Tout avait commencé avec le pain sec qui s’accumulait. Pourtant on ne pouvait pas dire que nous abusions du pain, puisque une baguette par jour à 3 personne laissait tout de même du reste.

Maman, rangeait scrupuleusement le pain dur dans un sac, comme chez elle, car une fois par semaine, elle s’arrête en revenant de courses pour le donner à deux petits ânes dans un champ (ces mignonnes petites bêtes…)

J’avais donc au bout de 8 jours, dit « vaguement » à Mrs Bibelot, qu’il serait peut-être bien de faire un petit pudding, avant d’aller nourrir quelques chevaux d’une vague promenade à cheval située à la sortie de la Grande Motte.

Qui dit « pudding » dans la famille, évoque immédiatement ma grand-mère paternelle Mrs Tricot, qui régulièrement venait passer le WE et apportait ce qu’elle appelait un « gâteau de pain ».

Délicieux, et dont elle a emporté la recette dans sa tombe, on ne peut compter sur personne.

Et puis, je me suis souvenu que la recette était dans une tombe loin de la Grande Motte, et j’ai décidé d’utiliser le pain (enfin une partie du pain), pour faire un diplomate. Recette que je connais par coeur, et que je maîtrise ultra bien. (Je n’ai pas l’air comme cela avec mon appartement en ruines, surtout la cuisine et la salle de bain, mais normalement je suis une très fine cuisinière).

Mon premier diplomate (un franc succès, régulièrement demandé par mes invités) était aux fruits confits. Pour les fêtes je le fais au chocolat et marrons, enfin bref, je maîtrise.

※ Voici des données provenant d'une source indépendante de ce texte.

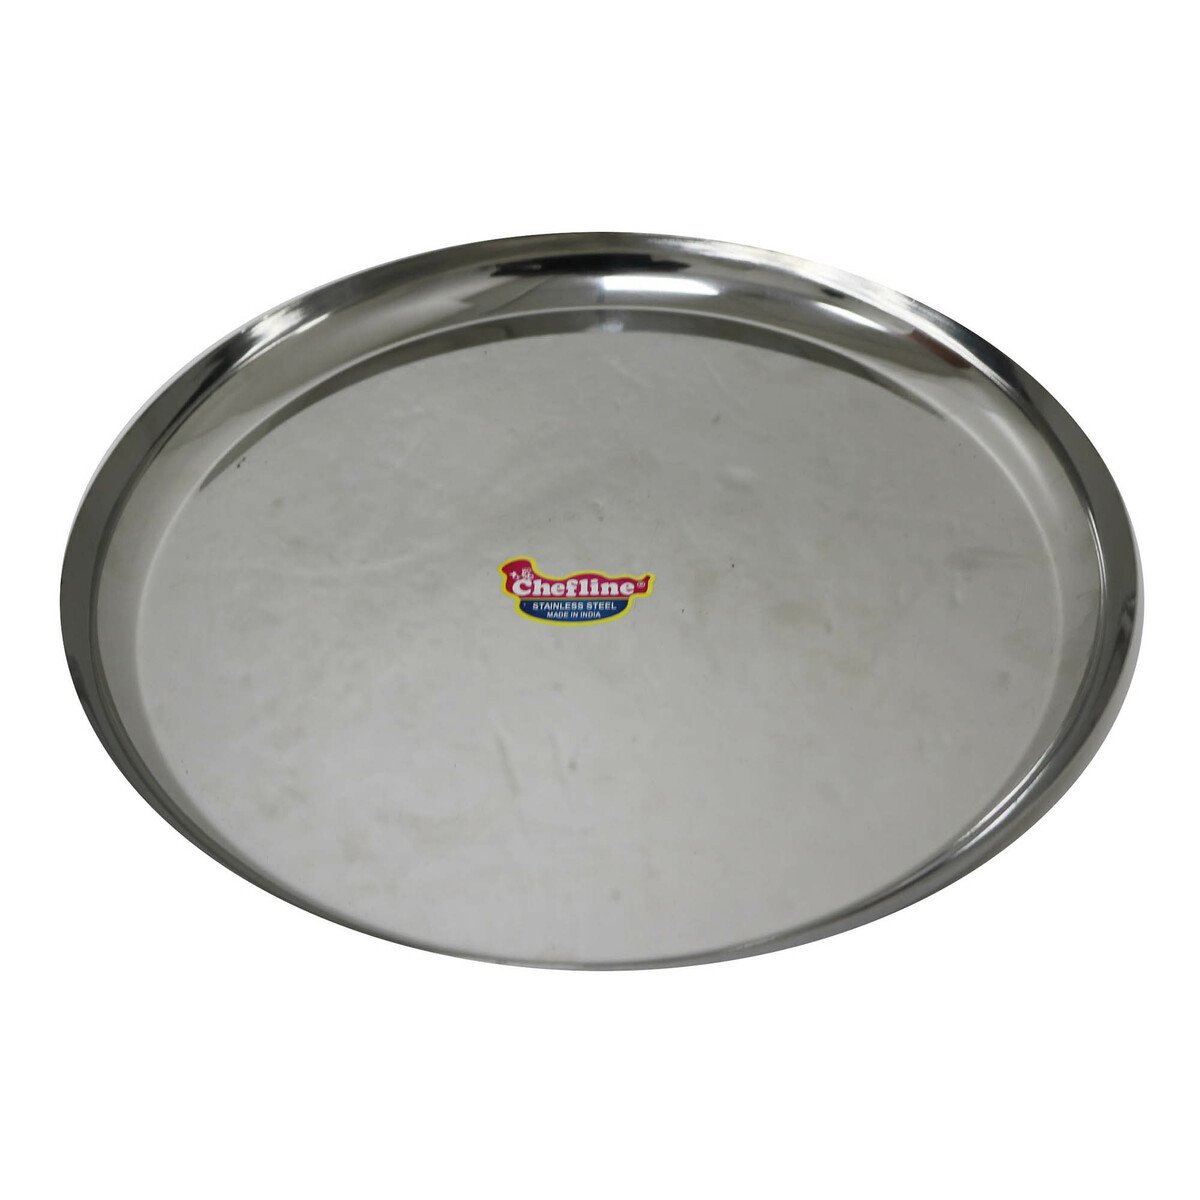 Chefline Stainless Steel Halwa Plate No.9 Ind

Sauf que ma mère était partie sur « un gâteau de pain » ou « pudding » (pour abréger mes souffrances quand j’écris, merci…).

La veille du jour J, je n’avais trouvé qu’un moule mou à cake, et j’étais un peu ennuyée, parce que les miens (de moules mous) ne supporteraient pas que l’on y fasse couler du caramel brûlant.

Qu’importe, j’avais trouvé l’astuce : j’allais faire un caramel au beurre salé, donc le laisser refroidir, et faire mon diplomate en toute tranquillité.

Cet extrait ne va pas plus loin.